Moth Beans – these small dry beans do well in dry climates with temperatures in excess of 110°F. I grow them every year in California’s central valley. They are more work than other beans, because it takes some labor to extract the small beans from their shells, but they will grow in temperatures where other beans wither and stop producing.

Tepary Beans – these tasty, prolific beans have been grown in the Southwest deserts for over a millennium. There are two cautions about tepary beans, though. First, they can carry the bean common mosaic virus, which is harmful to bean species originating in the Americas. I suggest learning more here before growing tepary beans. The second caution is that many varietals of tepary beans have been adapted to cooler climates, so make sure to choose one that has historically been grown in the Southwest.

Cowpeas – originating from Africa, some varietals do well in the full sun of the West. Avoid varietals adapted to the humid Southeast.

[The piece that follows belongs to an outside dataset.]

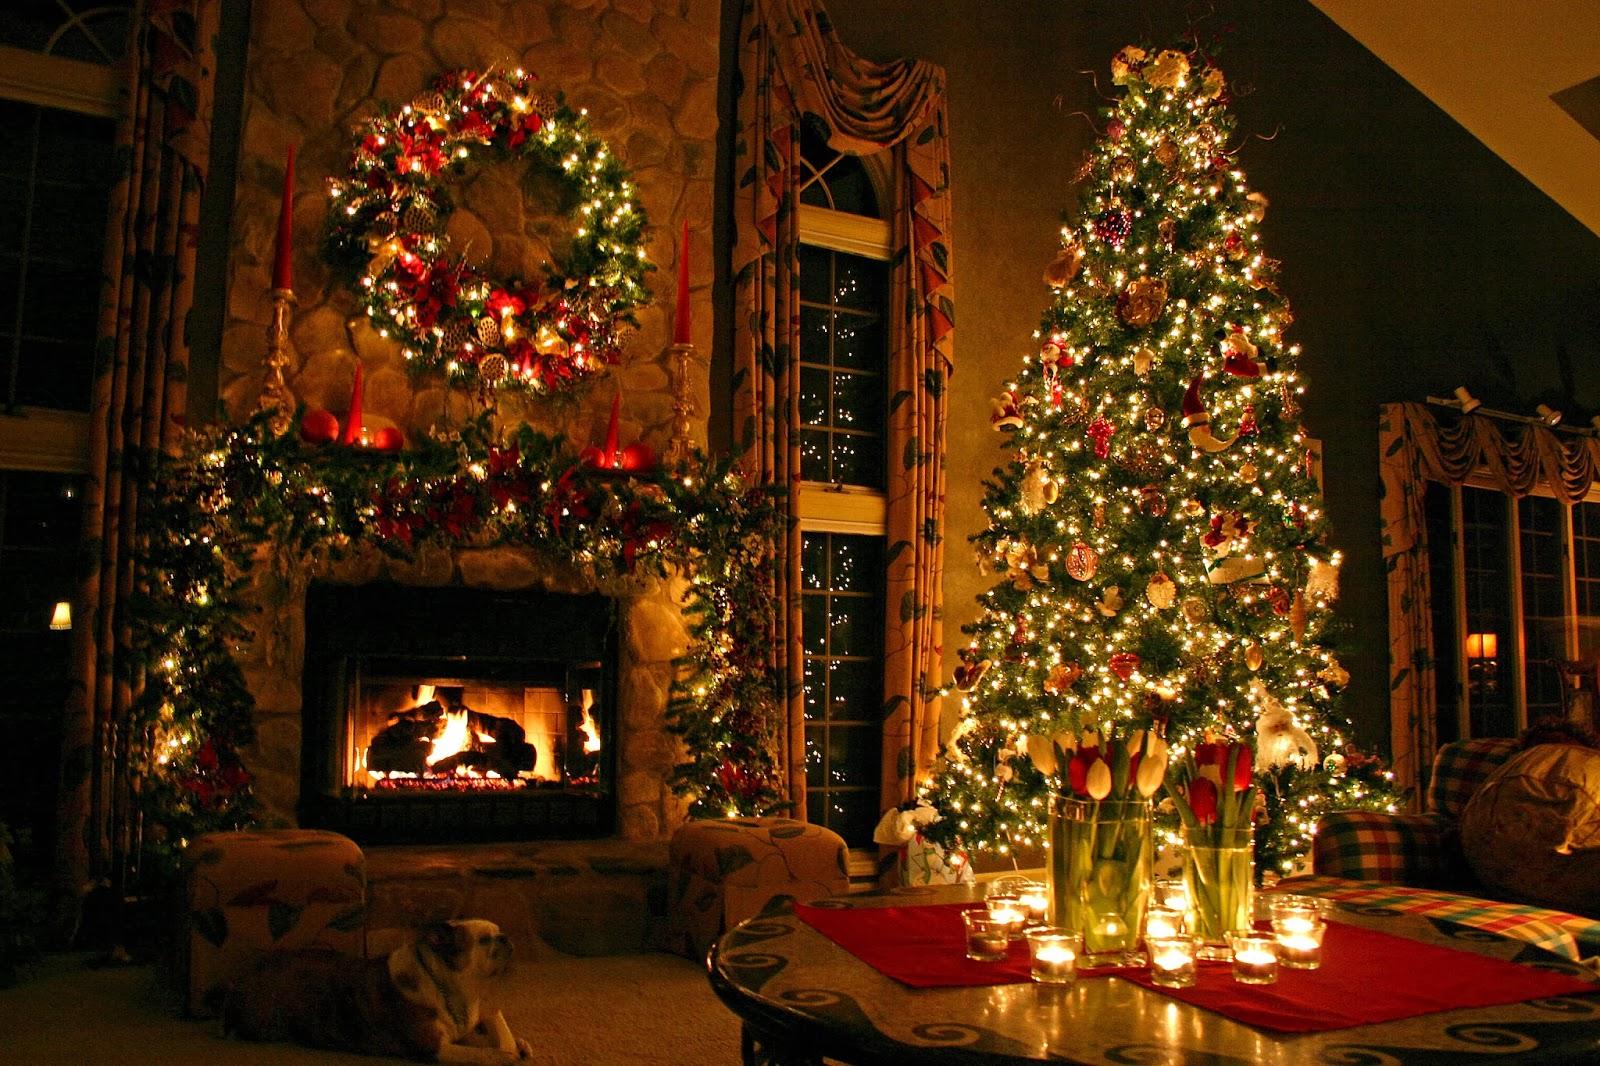 Christmas tree hd wallpaper hd wallpapers blog - Holiday wallpaper hd ...

Okra – although okra is often associated with the humid Southeast, it probably originated in the dry, hot climates of Africa or western Asia. In any case, there are varietals that thrive in the searing heat of the West.

Sorghum – although this alternate to corn was historically grown for fodder, today there are varietals intended for human consumption. Sorghum tolerates more heat and more drought than corn. Make sure and choose a varietal intended for consumption, rather than those grown for forage or sugar.

Conclusion

Native Americans successfully grew sustainable crops in the scorching hot areas of our country. With a little hard work and planning, you can too.